Bankable way to being head and shoulders above the competition
THE BEST The clear winners, the Hongkong and Shanghai Bank and the Bank of China, were chosen by all, including fung shui master Raymond Lo Hang-lap, for their modern and interesting designs.
Joseph Fung King-cho describes himself as 'middle-aged'. Harvard-educated, he has practised in Hong Kong for 15 years and heads Studio Pantheon II, where he works on 'little things of no significance'.
His choices: the Fung Ping Shan Museum at the University of Hong Kong, the old part of the Peninsula Hotel and Government House.
'The Fung Ping Shan Museum is a little jewel. It's not incredible in the sense it's the type of space which blows your mind, but you go in and everything's right, and it's not pretentious, and it does celebrate what it's supposed to do well.

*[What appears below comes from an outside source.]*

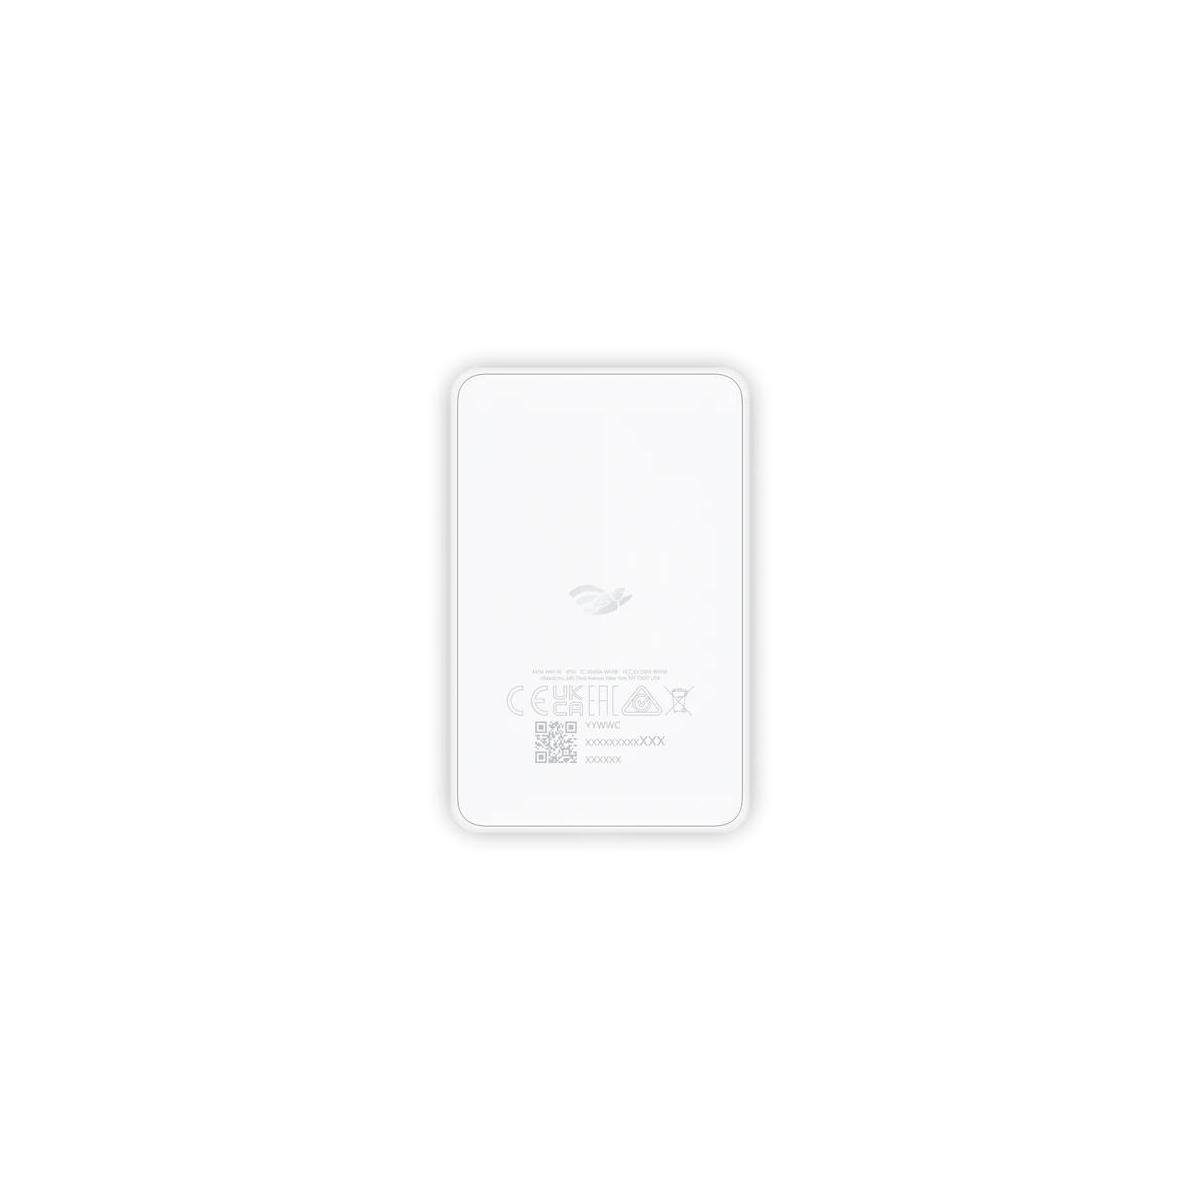 Ubiquiti Networks WiFiMan-Assistent WLAN-Antenne
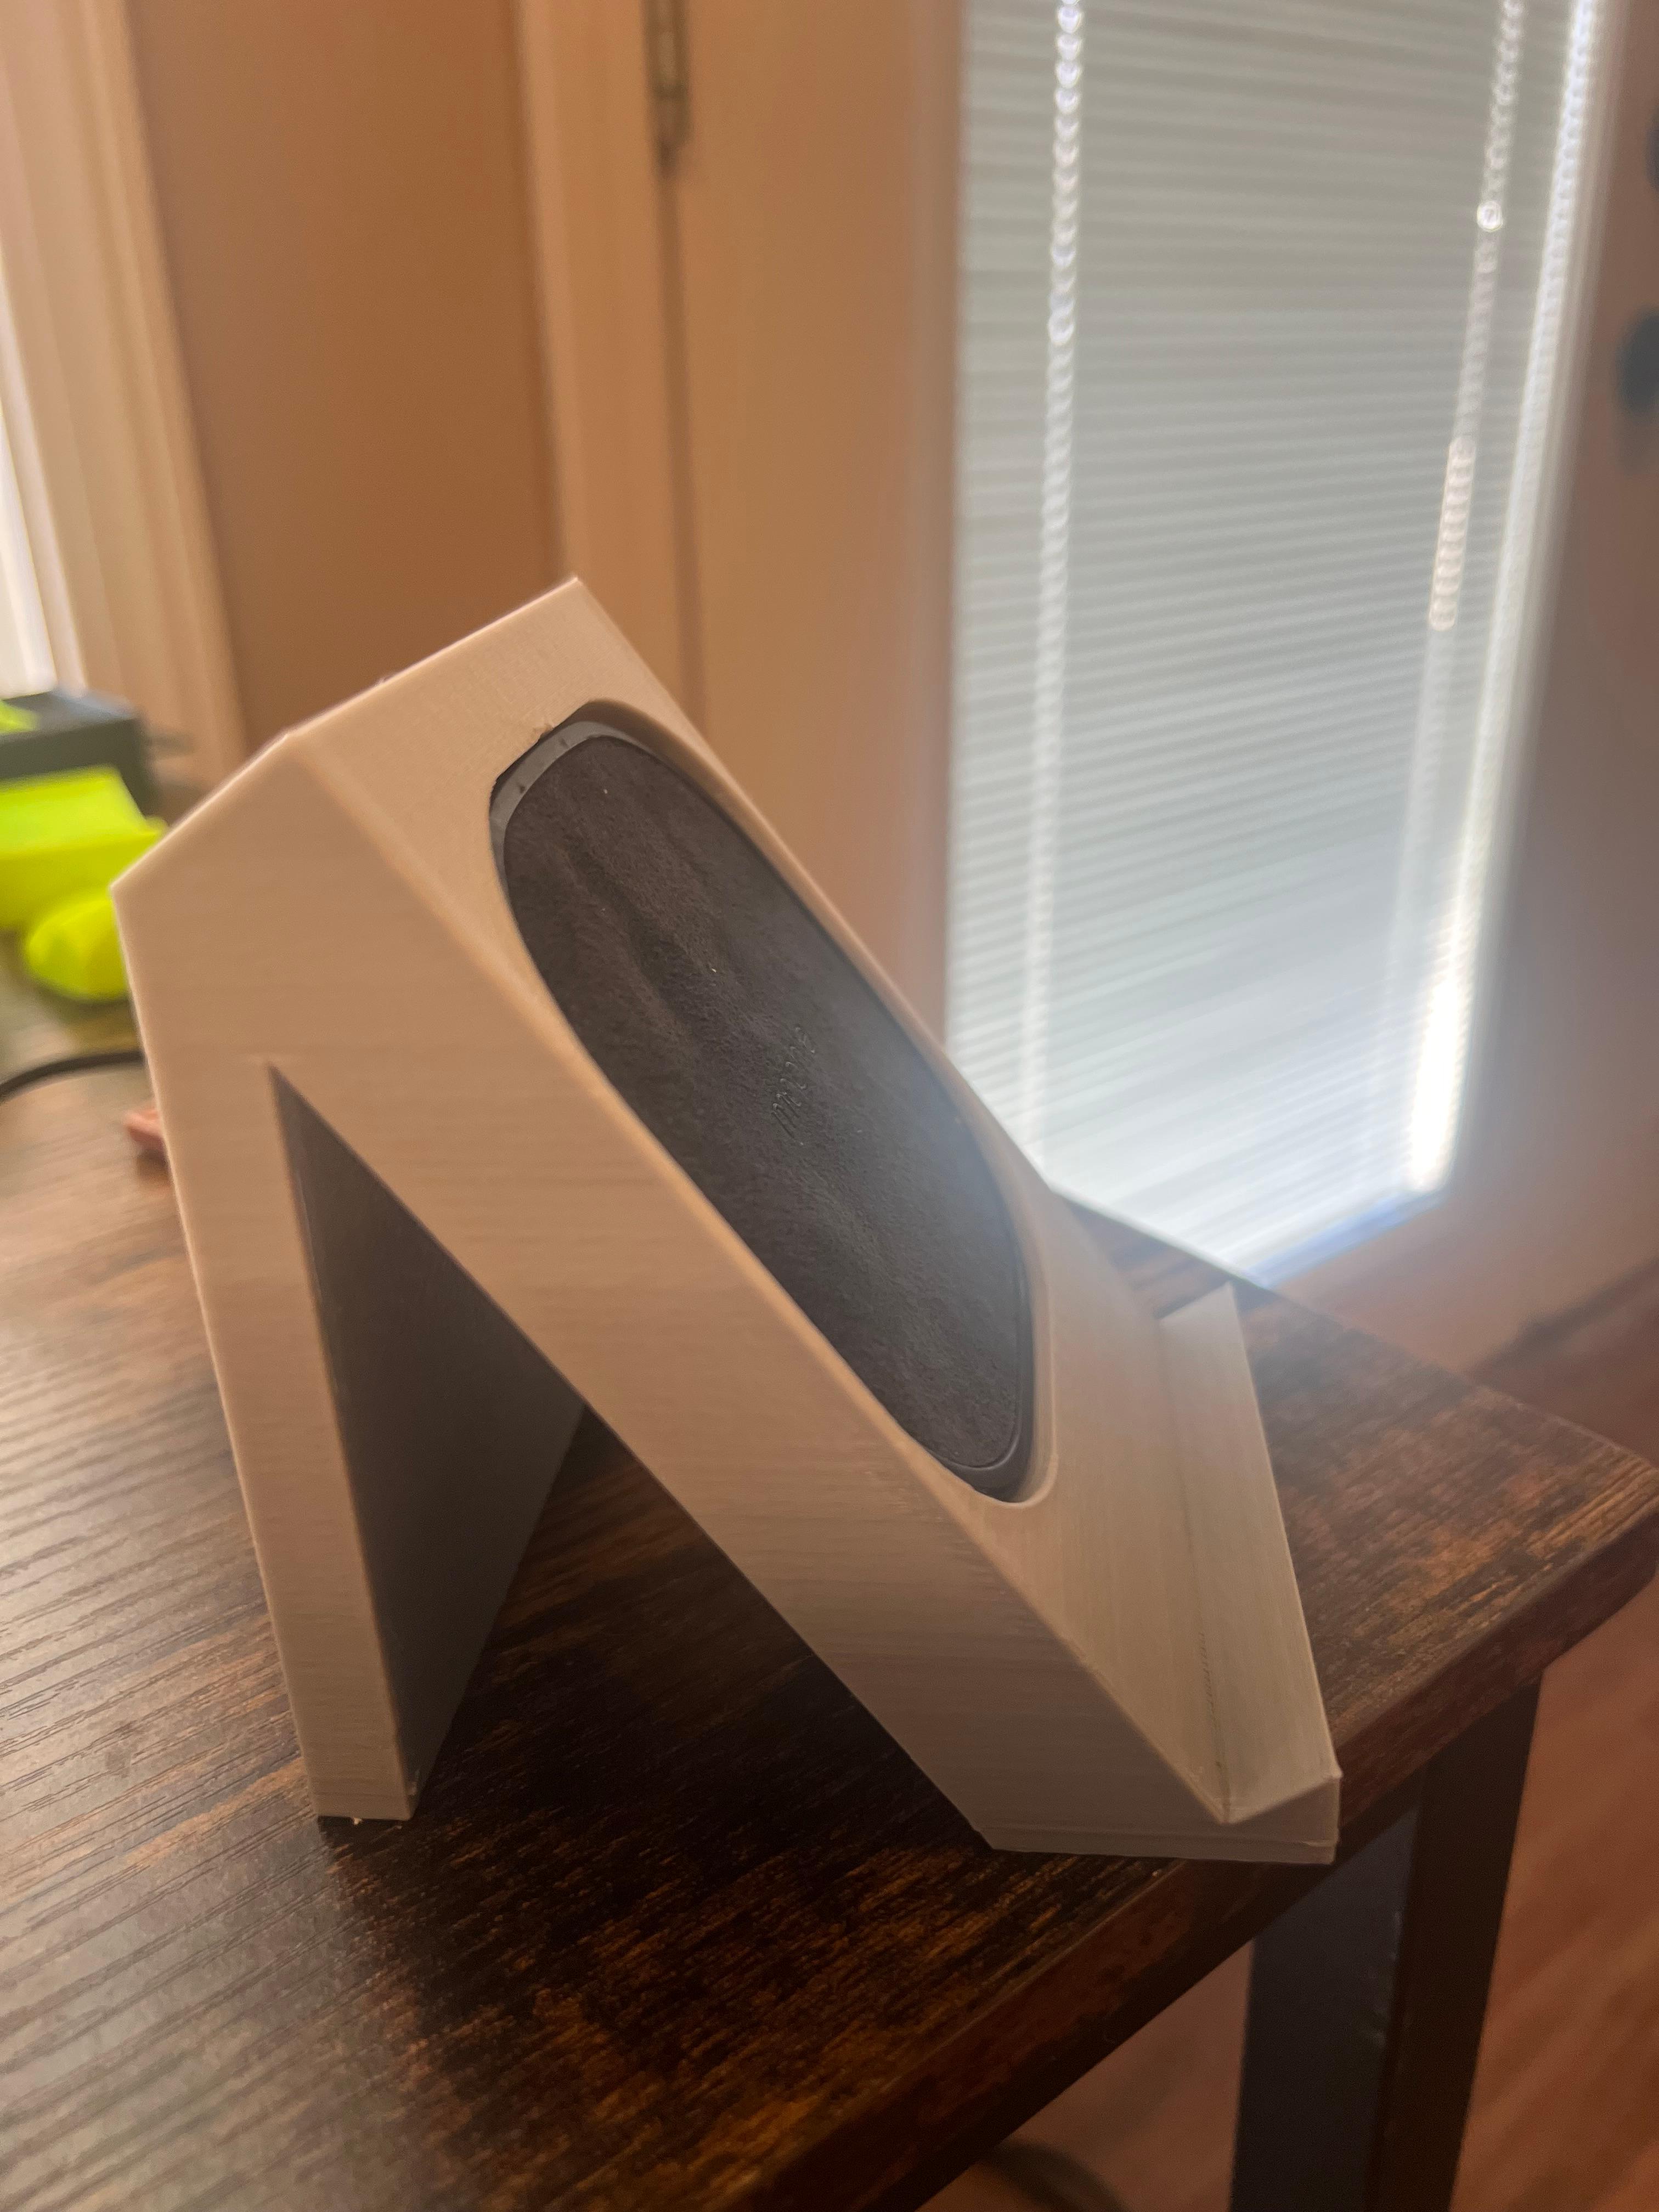 mophie stand  3d model

'The Peninsula hotel is very classic, [the lobby is] a celebration of arrival, the space is very grand. It has class.' And Government House is 'probably the most gracious big house in Hong Kong' with 'a very grand proper [covered] entrance' which sadly other buildings lacked.
Mr Fung commented: 'Hong Kong is really not a place for fine architecture, because people don't care very much. But anybody can be an armchair perfectionist, it's very easy.' Dennis Lau Wing-kwong, Hong Kong-trained and past president of the Institute of Architects, is designer of Central Plaza and the newly-refurbished Lee Theatre Plaza, which he included on his list.